The downside is that it will take several years before people will
become familiar with the new error, and we'll have to deal with the
fallout repeatedly from it. Hence, IMO, there's no upside to
changing the errno of EFSCORRUPTED now that it is largely ubiquitous
in userspace.

Cheers,

Dave.
David Sterba Jan. 21, 2019, 10:14 p.m. UTC | #5
On Mon, Jan 21, 2019 at 04:54:54PM -0500, Theodore Y. Ts'o wrote:
> On Fri, Jan 18, 2019 at 05:14:38PM +0100, Jann Horn wrote:
> > Multiple filesystems can already return EFSCORRUPTED errors to userspace;
> > however, so far, definitions of EFSCORRUPTED were in filesystem-private
> > headers.
> > 
> > I wanted to use EUCLEAN to indicate data corruption in the VFS layer;
> > Dave Chinner says that I should instead hoist the definitions of
> > EFSCORRUPTED into the UAPI header and then use EFSCORRUPTED.
> > 
> > This patch is marked for stable backport because it is a prerequisite for
> > the following patch.
> > 
> > Cc: stable@vger.kernel.org
> > Suggested-by: Dave Chinner <david@fromorbit.com>
> > Signed-off-by: Jann Horn <jannh@google.com>
> 
> Before we enshrine the overloading of EUCLEAN and EFSCORRUPTED, I
> wonder if we should at least consider the option of assigning a new
> error code number for EFSCORRUPTED.  The downside of doing this is
> that for a while, older versions glibc won't have strerror/perror
> translation for the new error code.  On the other hand, I'm not sure
> it will be that much more confusing to the average user than
> "Structure needs cleaning".  :-)
>
> The upside of assigning a new error code is that in a year or two,
> we'll actually have an intelligible error message showing up in log
> files and in user's terminals.

I vote for a new code with a better message than EUCLEAN provides.
Darrick J. Wong Jan. 21, 2019, 11:51 p.m.
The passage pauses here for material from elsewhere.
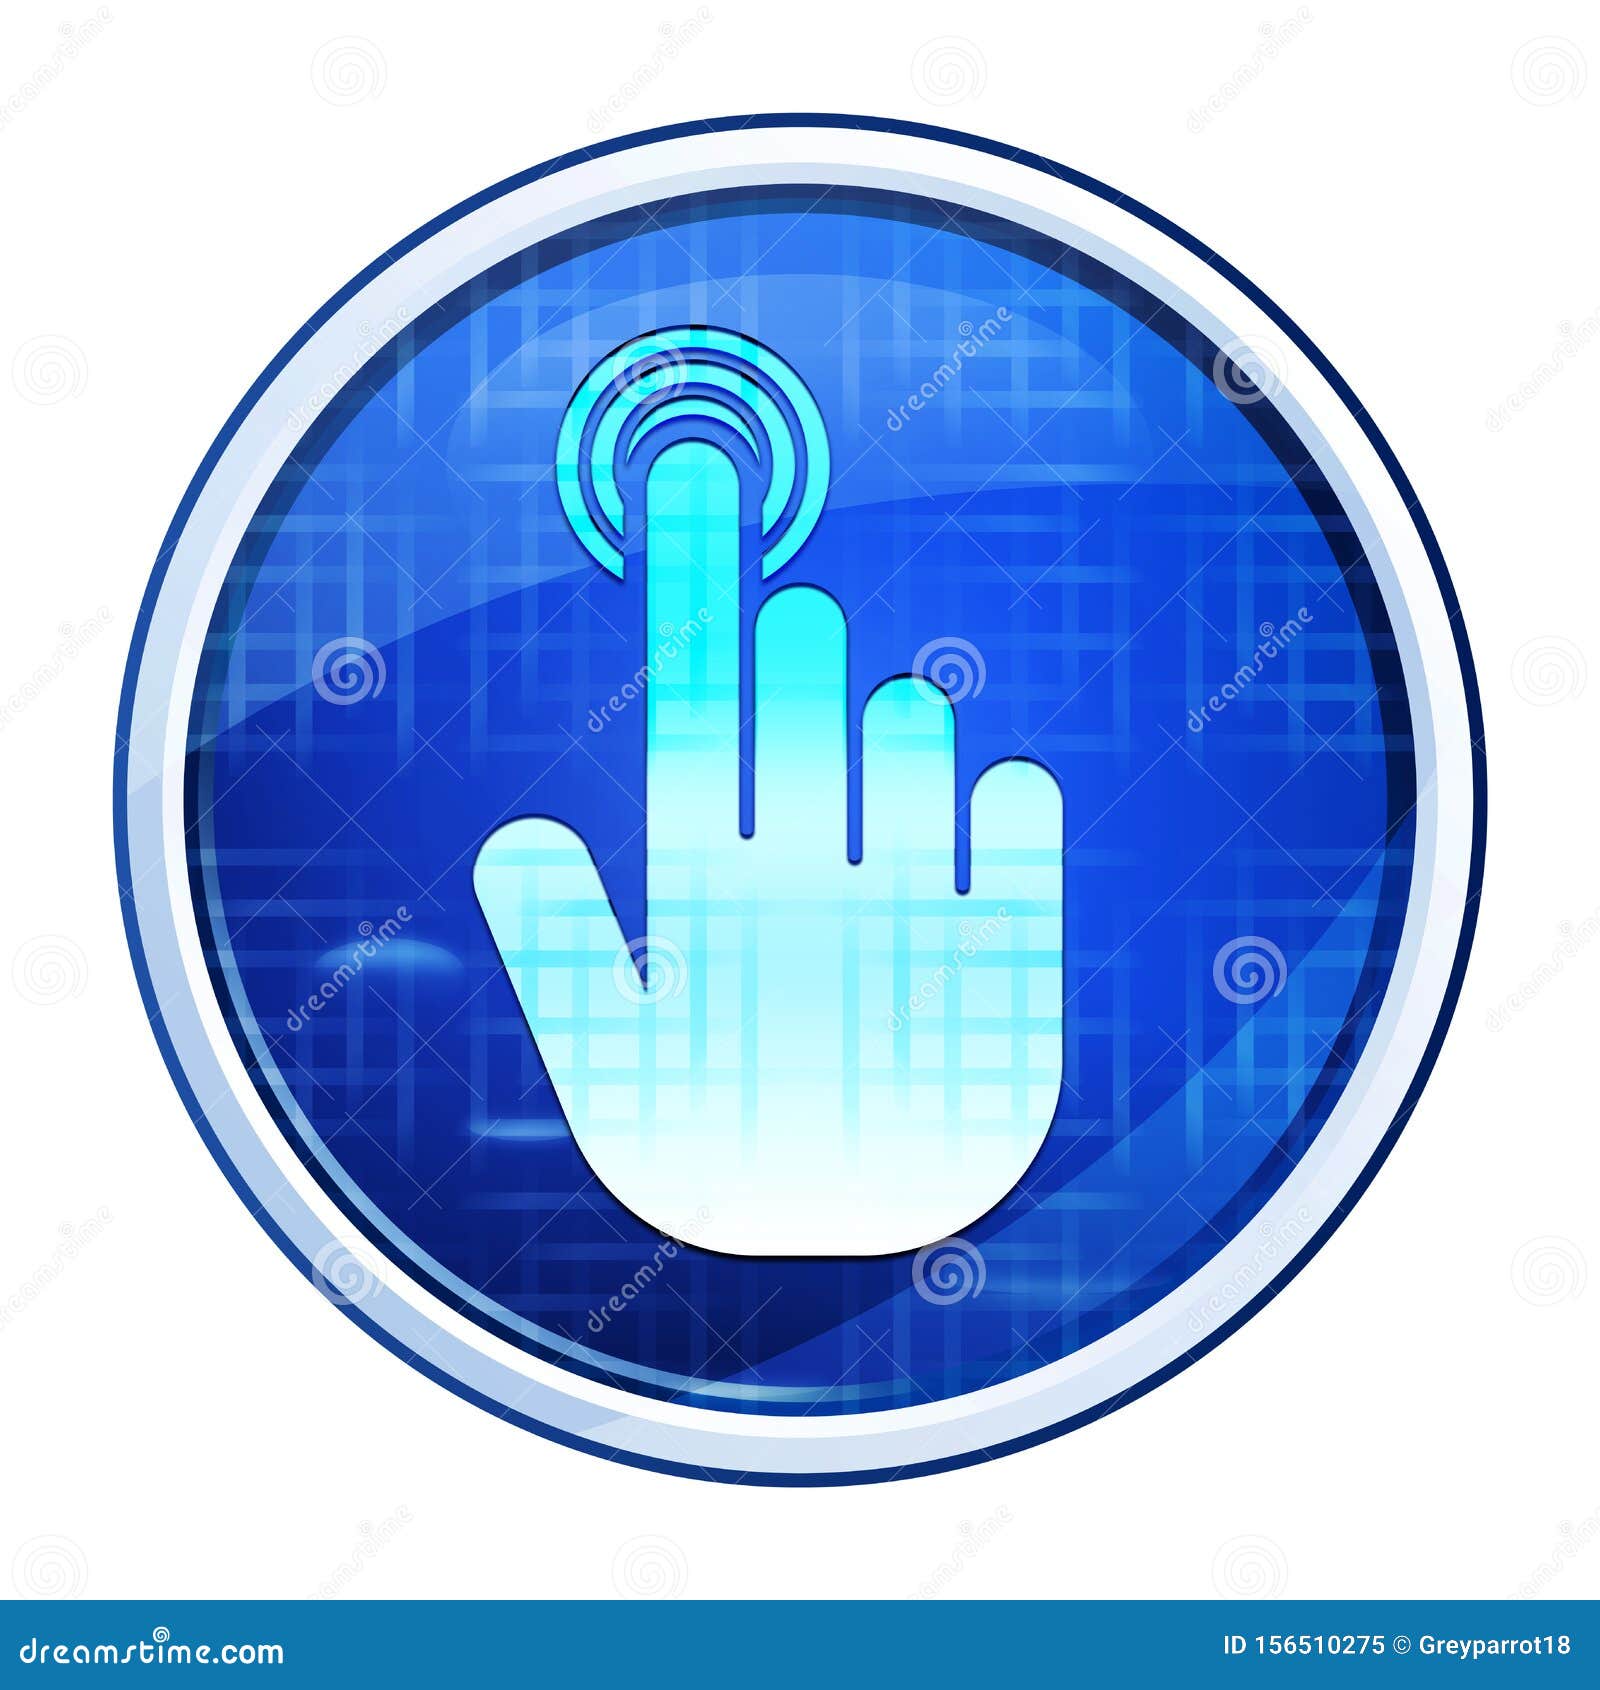 hand cursor click icon futuristic blue round button  
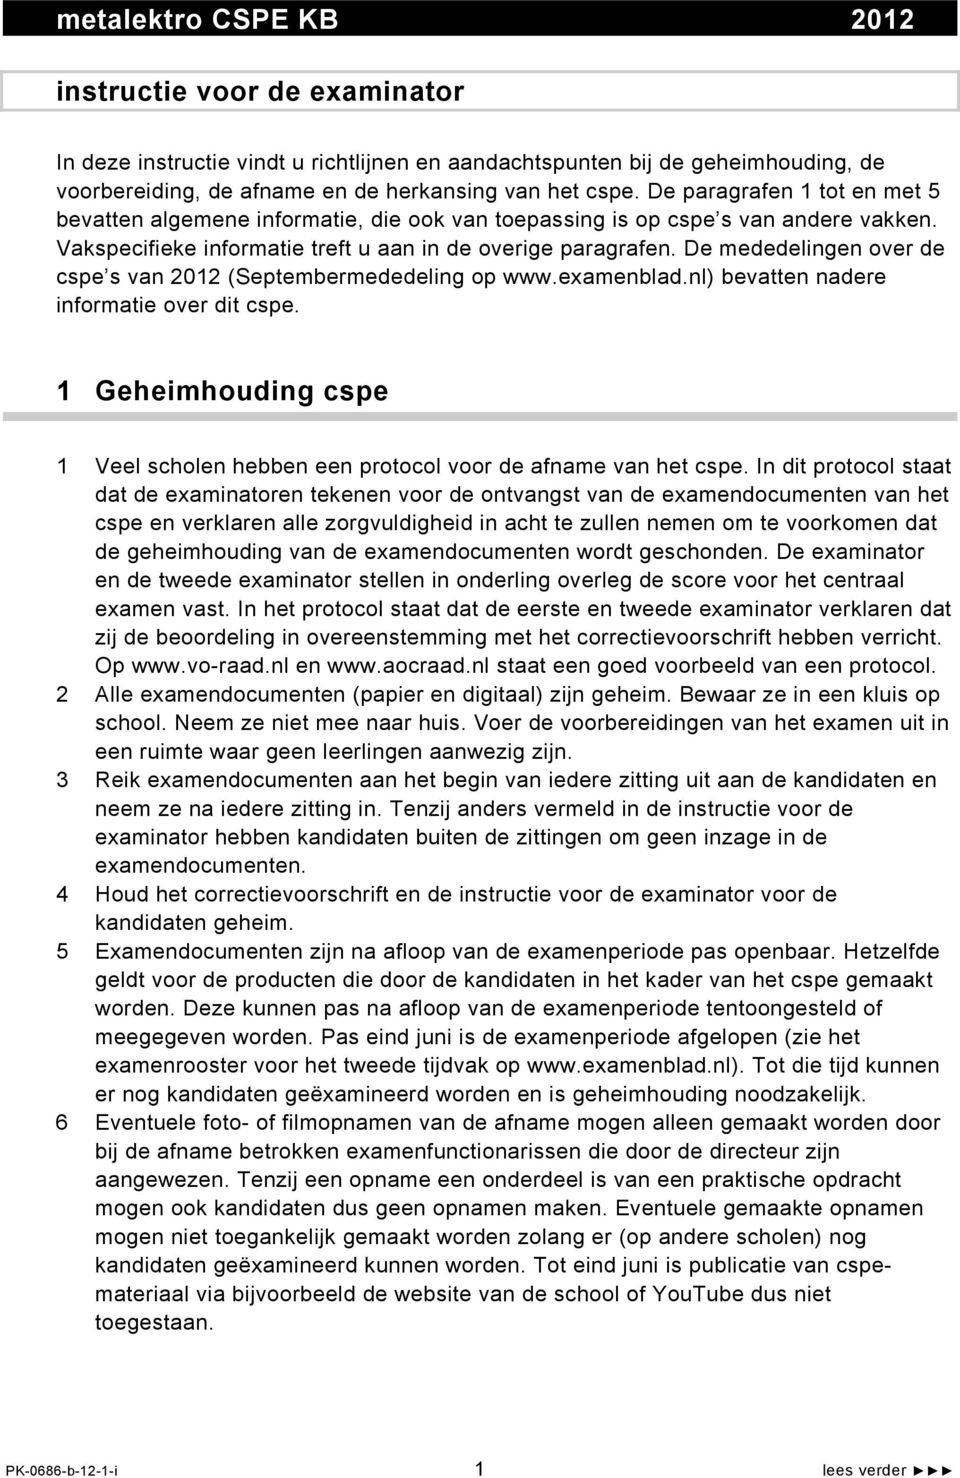 De mededelingen over de cspe s van 2012 (Septembermededeling op www.examenblad.nl) bevatten nadere informatie over dit cspe.

UTC | #6
On Mon, Jan 21, 2019 at 04:54:54PM -0500, Theodore Y. Ts'o wrote:
> On Fri, Jan 18, 2019 at 05:14:38PM +0100, Jann Horn wrote:
> > Multiple filesystems can already return EFSCORRUPTED errors to userspace;
> > however, so far, definitions of EFSCORRUPTED were in filesystem-private
> > headers.
> > 
> > I wanted to use EUCLEAN to indicate data corruption in the VFS layer;
> > Dave Chinner says that I should instead hoist the definitions of
> > EFSCORRUPTED into the UAPI header and then use EFSCORRUPTED.
> > 
> > This patch is marked for stable backport because it is a prerequisite for
> > the following patch.
> > 
> > Cc: stable@vger.kernel.org
> > Suggested-by: Dave Chinner <david@fromorbit.com>
> > Signed-off-by: Jann Horn <jannh@google.com>
> 
> Before we enshrine the overloading of EUCLEAN and EFSCORRUPTED, I
> wonder if we should at least consider the option of assigning a new
> error code number for EFSCORRUPTED.  The downside of doing this is
> that for a while, older versions glibc won't have strerror/perror
> translation for the new error code.  On the other hand, I'm not sure
> it will be that much more confusing to the average user than
> "Structure needs cleaning".  :-)
> 
> The upside of assigning a new error code is that in a year or two,
> we'll actually have an intelligible error message showing up in log
> files and in user's terminals.

Uh... Ted?  Back in ~2009 we had a discussion on the ext4 conference
call about what error codes to return for "metadata is garbage" and
"metadata crc doesn't validate".  Back then you said that it would have
been great if someone had thought of defining error codes for that so
that by the time we got around to merging metadata checksums for ext4,
we'd have some error codes ready to go.

I pointed out that "the XFS people" already returned EUCLEAN /
EFSCORRUPTED and EILSEQ / EBADFSCRC for those cases and that upstream
had been doing that for a couple of years already, so we decided that
we'd just make ext4 behave like XFS because they'd already started
training everyone and their pet search engines that these oddly phrased
error messages in the context of a filesystem means they need to run
some sort of fsck/repair tool.  We also decided that while the messaging
was weird, it would be less work for both of us than to try to push
disruptive changes through Linux uapi, glibc, man pages, strerror
localization catalogs, etc.

Now it's a *decade* later, and ext4 / XFS have both converged on more or
less the same behavioral patterns w.r.t. when they return EFSCORRUPTED
and EFSBADCRC.  btrfs, hpfs, jffs2, and ubifs seem to use EUCLEAN to
signal bad metadata just like XFS and ext4 do.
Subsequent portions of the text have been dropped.